The polyglutamic acid (gamma-PGA) is an ideal drug carrier, has excellent biocompatibility, degradability, fibroblasticity and film forming property, and is also an excellent targeting drug carrier. Is a natural polymer material harmless to human body and environment. At present, the preparation of drug carriers by assembling gamma-polyglutamic acid with high molecular substances such as ethylene glycol, N-trimethyl chitosan and cholesterol has been reported, but the preparation of controllable nano-micelles by assembling gamma-polyglutamic acid with proteins has not been reported.
Disclosure of Invention
The invention aims to solve the technical problem of toxic operation process of polymerization reaction of sericin and Acrylic Acid (AA), and provides a preparation method and application of a non-toxic and pollution-free sericin and gamma-polyglutamic acid self-assembly nano micelle without any study on self-assembly between sericin and other proteins or polymers.

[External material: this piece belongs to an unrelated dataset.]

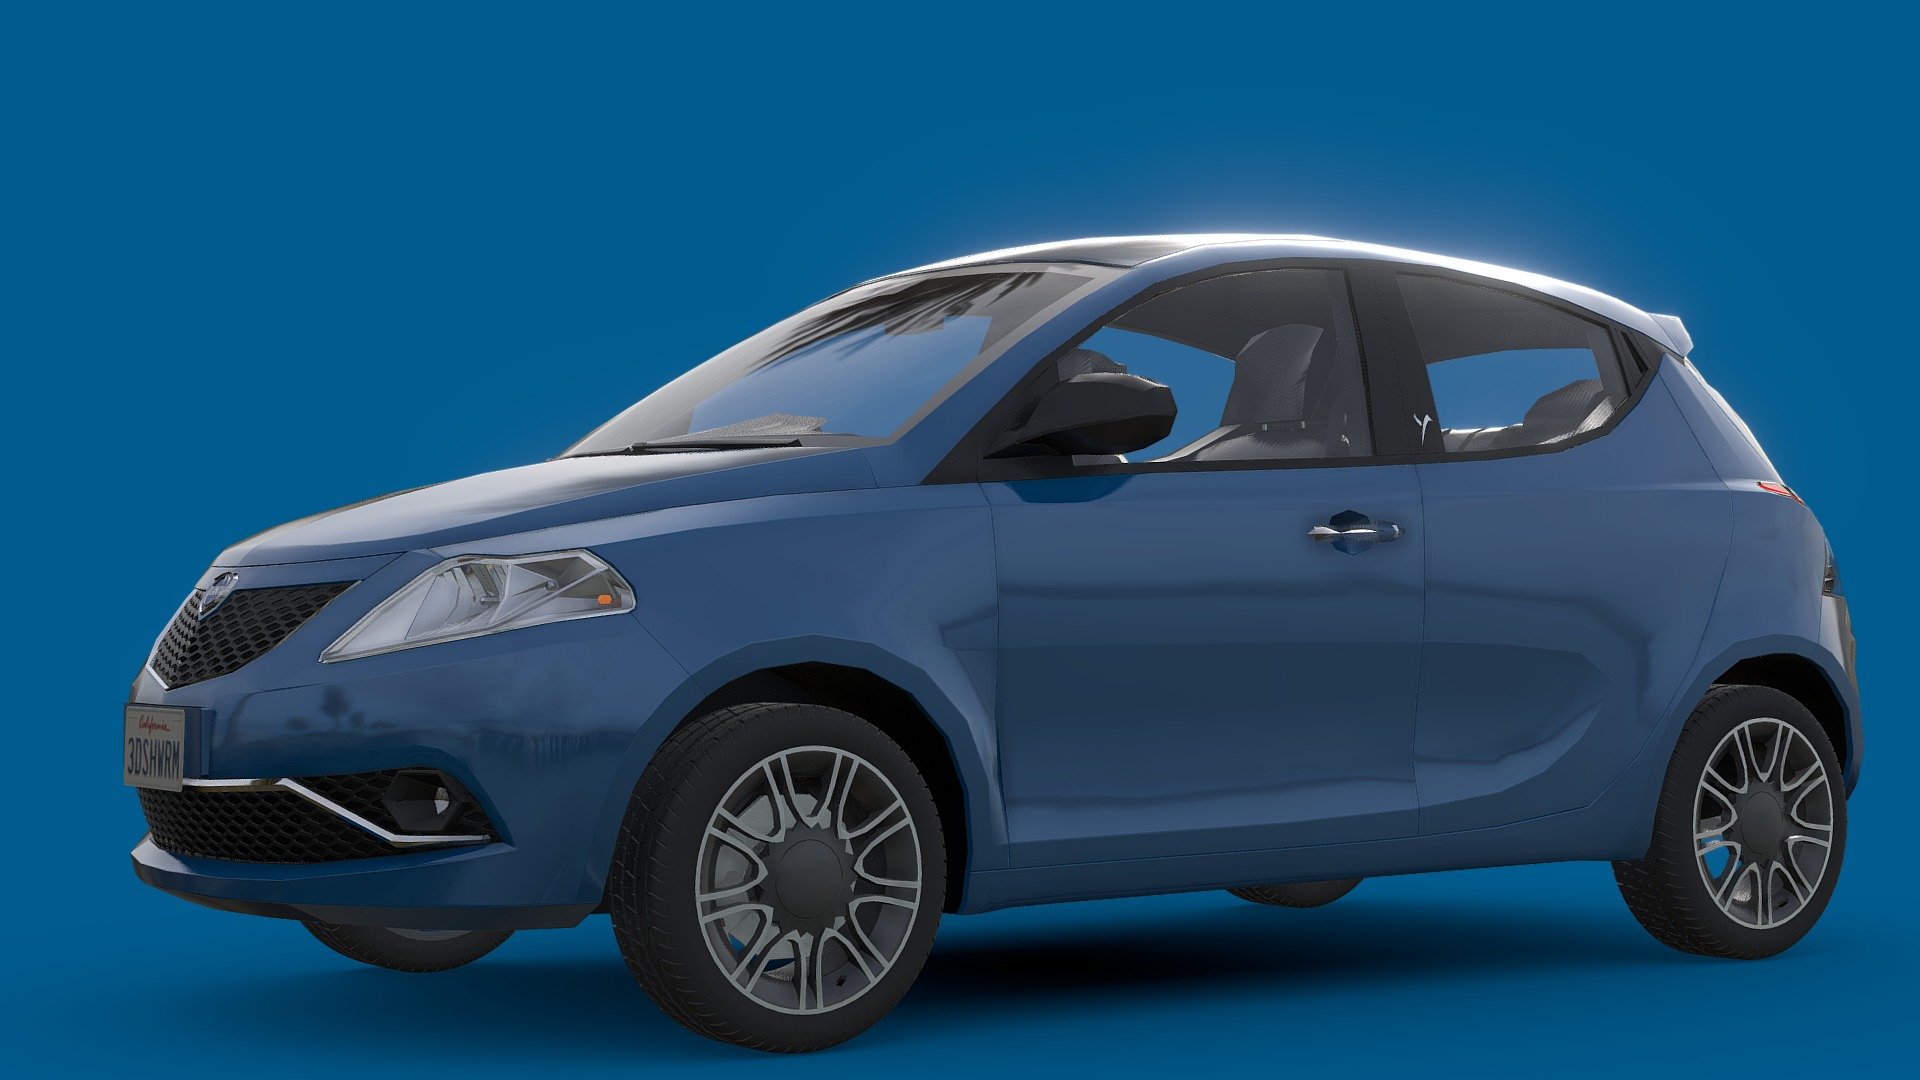 The Lancia Ypsilon is a supermini manufactured and marketed by Lancia, now in its third generation and as of 2022, the marque's only model. The Ypsilon was released in 1995, as a larger and more expensive replacement to the Y10. Between 1995 and 2005, Lancia produced more than 870,000 Ypsilons in the Melfi plant in the Potenza region. The third generation Ypsilon, sharing its platform with the Fiat 500, was marketed also as the Chrysler Ypsilon in the United Kingdom, Ireland and Japan. Fiat Group discontinued the Chrysler variant in 2017, having marketed 2,000 units in 2014. It is also no longer sold in Japan, with the discontinuation of both the Lancia Voyager and Lancia Thema branding on Chrysler-built vehicles in 2015. It is currently only available in the Italian market 3d model

In order to solve the technical problems, the invention adopts the following technical scheme: a preparation method of sericin and gamma-polyglutamic acid self-assembly nano-micelle comprises the following steps: 1): selecting sericin with the molecular weight of 12000-24000Da and gamma-polyglutamic acid with the molecular weight of 10-120 ku; 2) preparing a sericin solution and a gamma-polyglutamic acid solution with the same mass concentration: respectively dissolving sericin with the molecular weight of 12000-24000Da and gamma-polyglutamic acid with the molecular weight of 10-120ku in deionized water to prepare solutions with the same mass concentration and the range of 0.3-2%; 3) and preparing a sericin and gamma-polyglutamic acid self-assembly.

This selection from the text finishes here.